Data shown:
== == ==

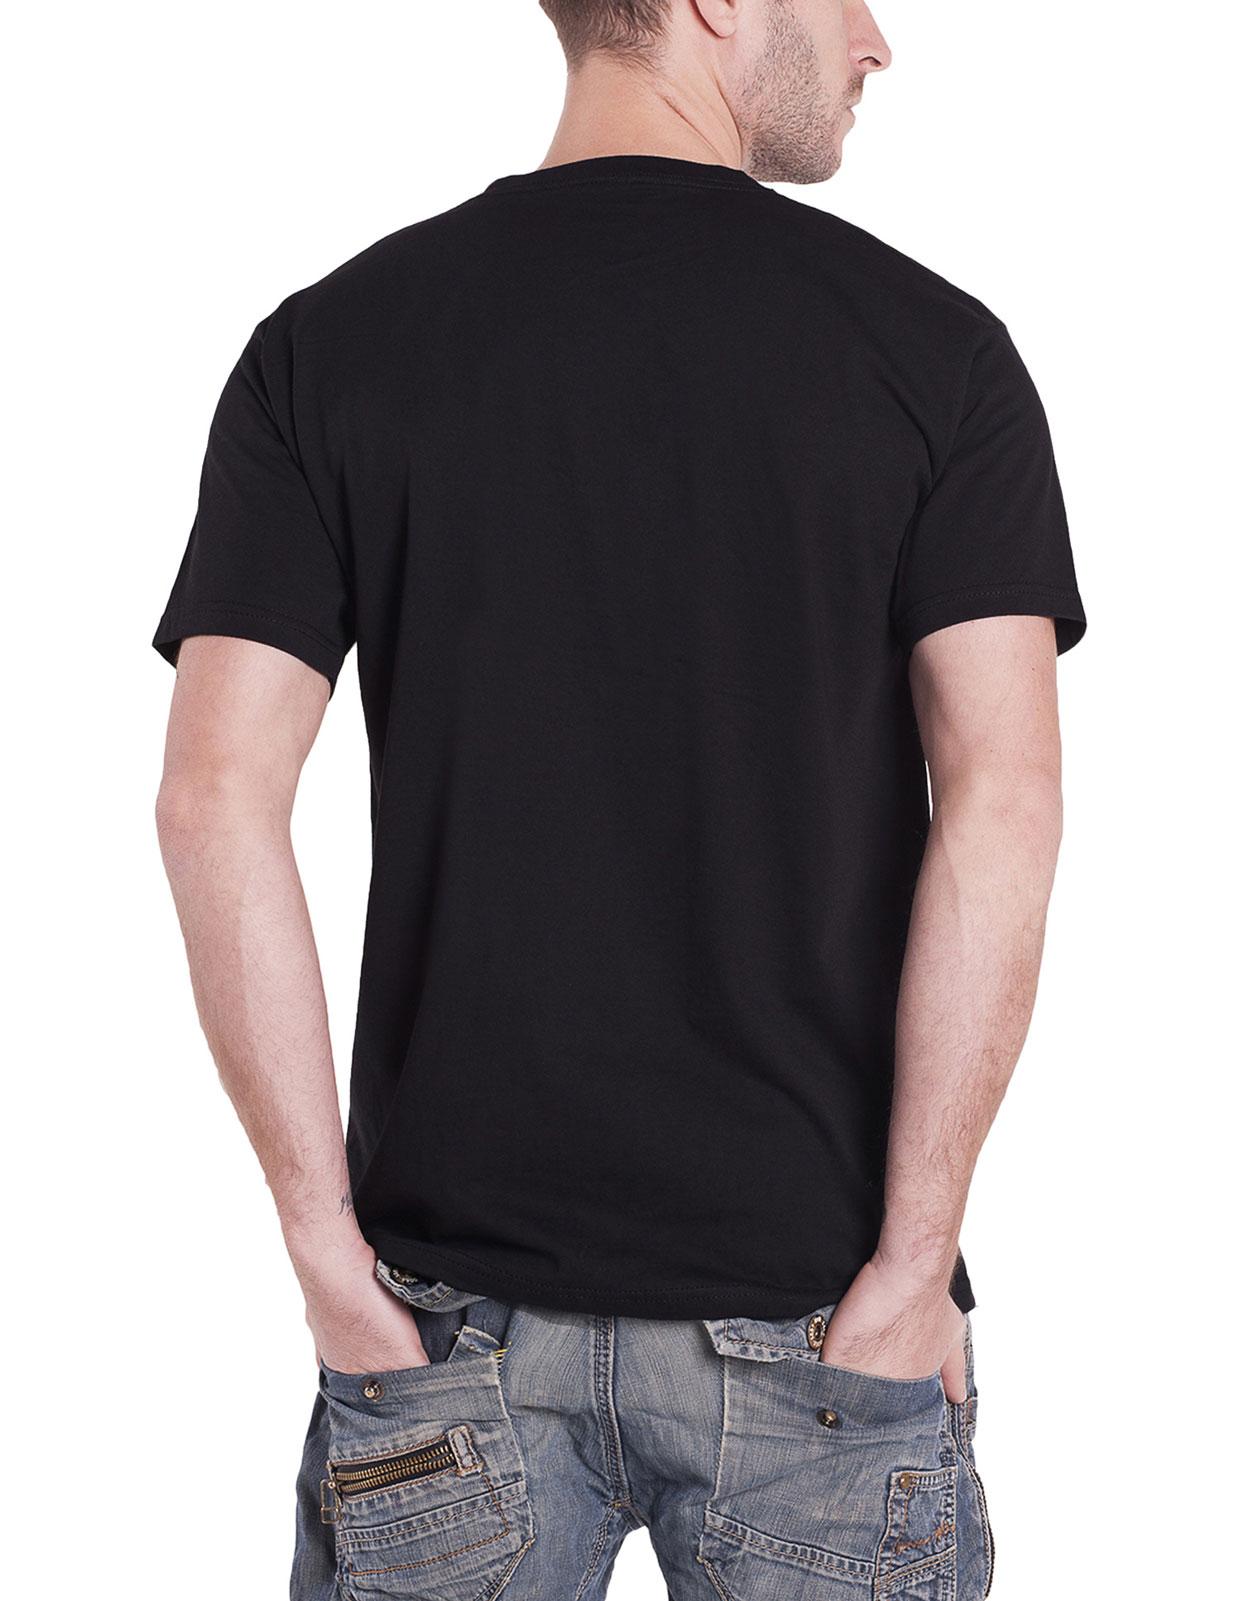 Camiseta-Last-Jedi-De-Star-Wars-Movie-Poster-porgs-Guardia-pretoriana-oficial-para-hombre miniatura 33
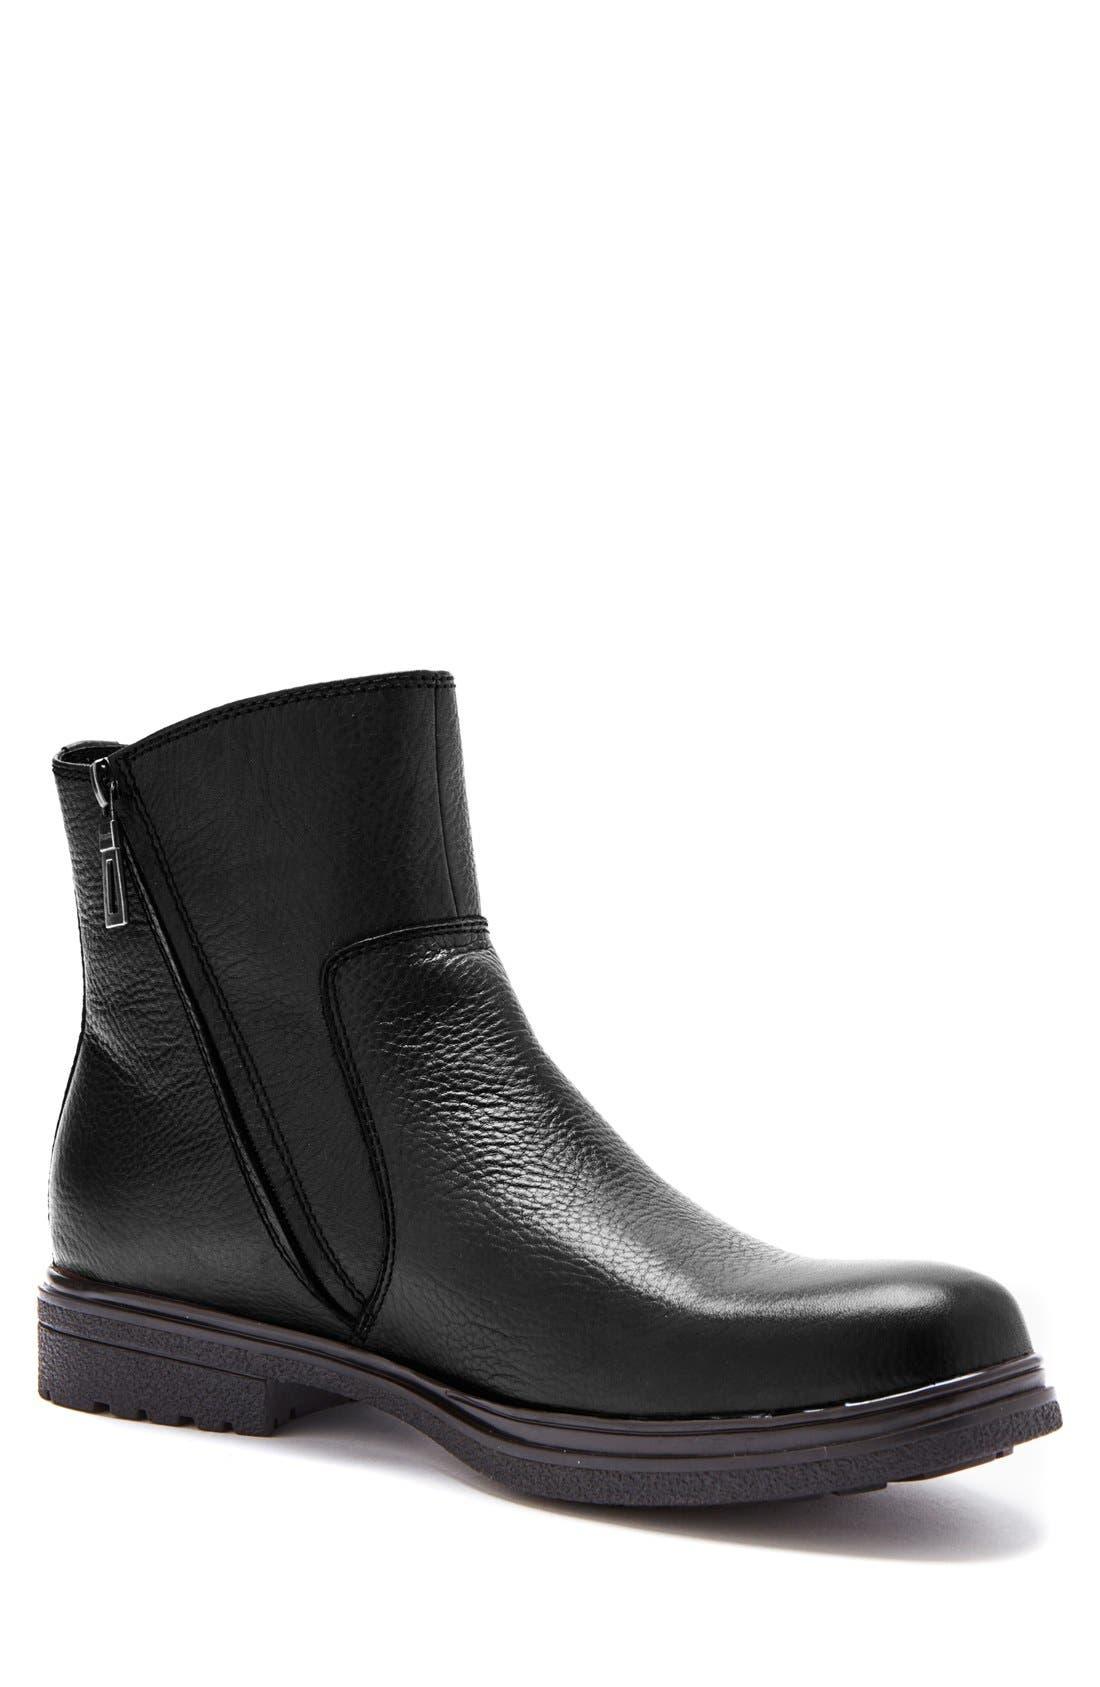 'Brawn' Waterproof Zip Boot,                         Main,                         color, 001
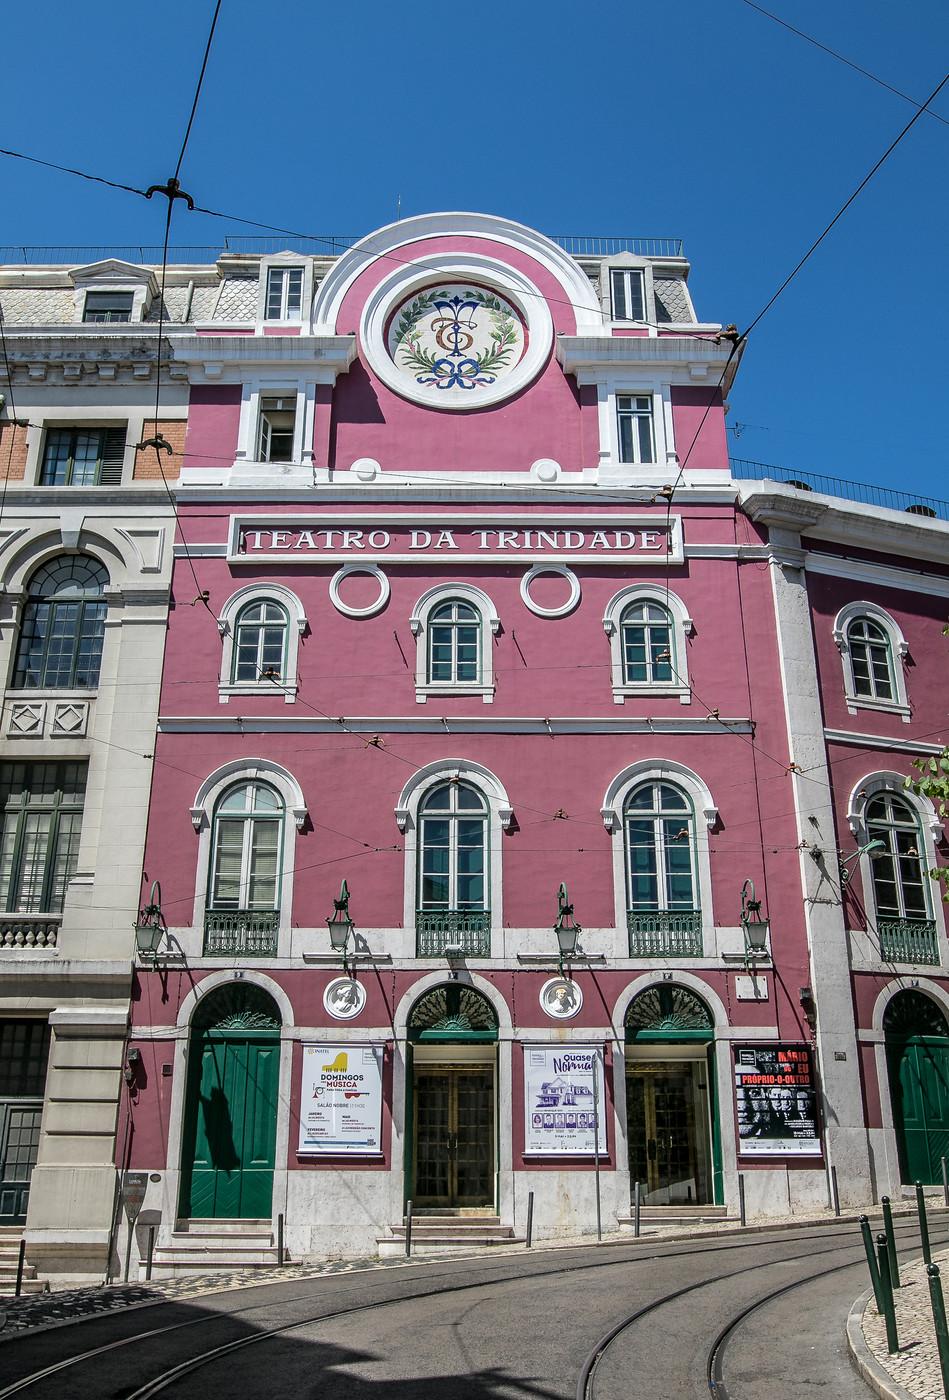 Tridada Theater

== == ==

Task to complete: The result should be a word-for-word restatement of all the data, without images.

Solution to this task:
 Camiseta-Last-Jedi-De-Star-Wars-Movie-Poster-porgs-Guardia-pretoriana-oficial-para-hombre miniatura 33
 'Brawn' Waterproof Zip Boot,                         Main,                         color, 001
 Tridada Theater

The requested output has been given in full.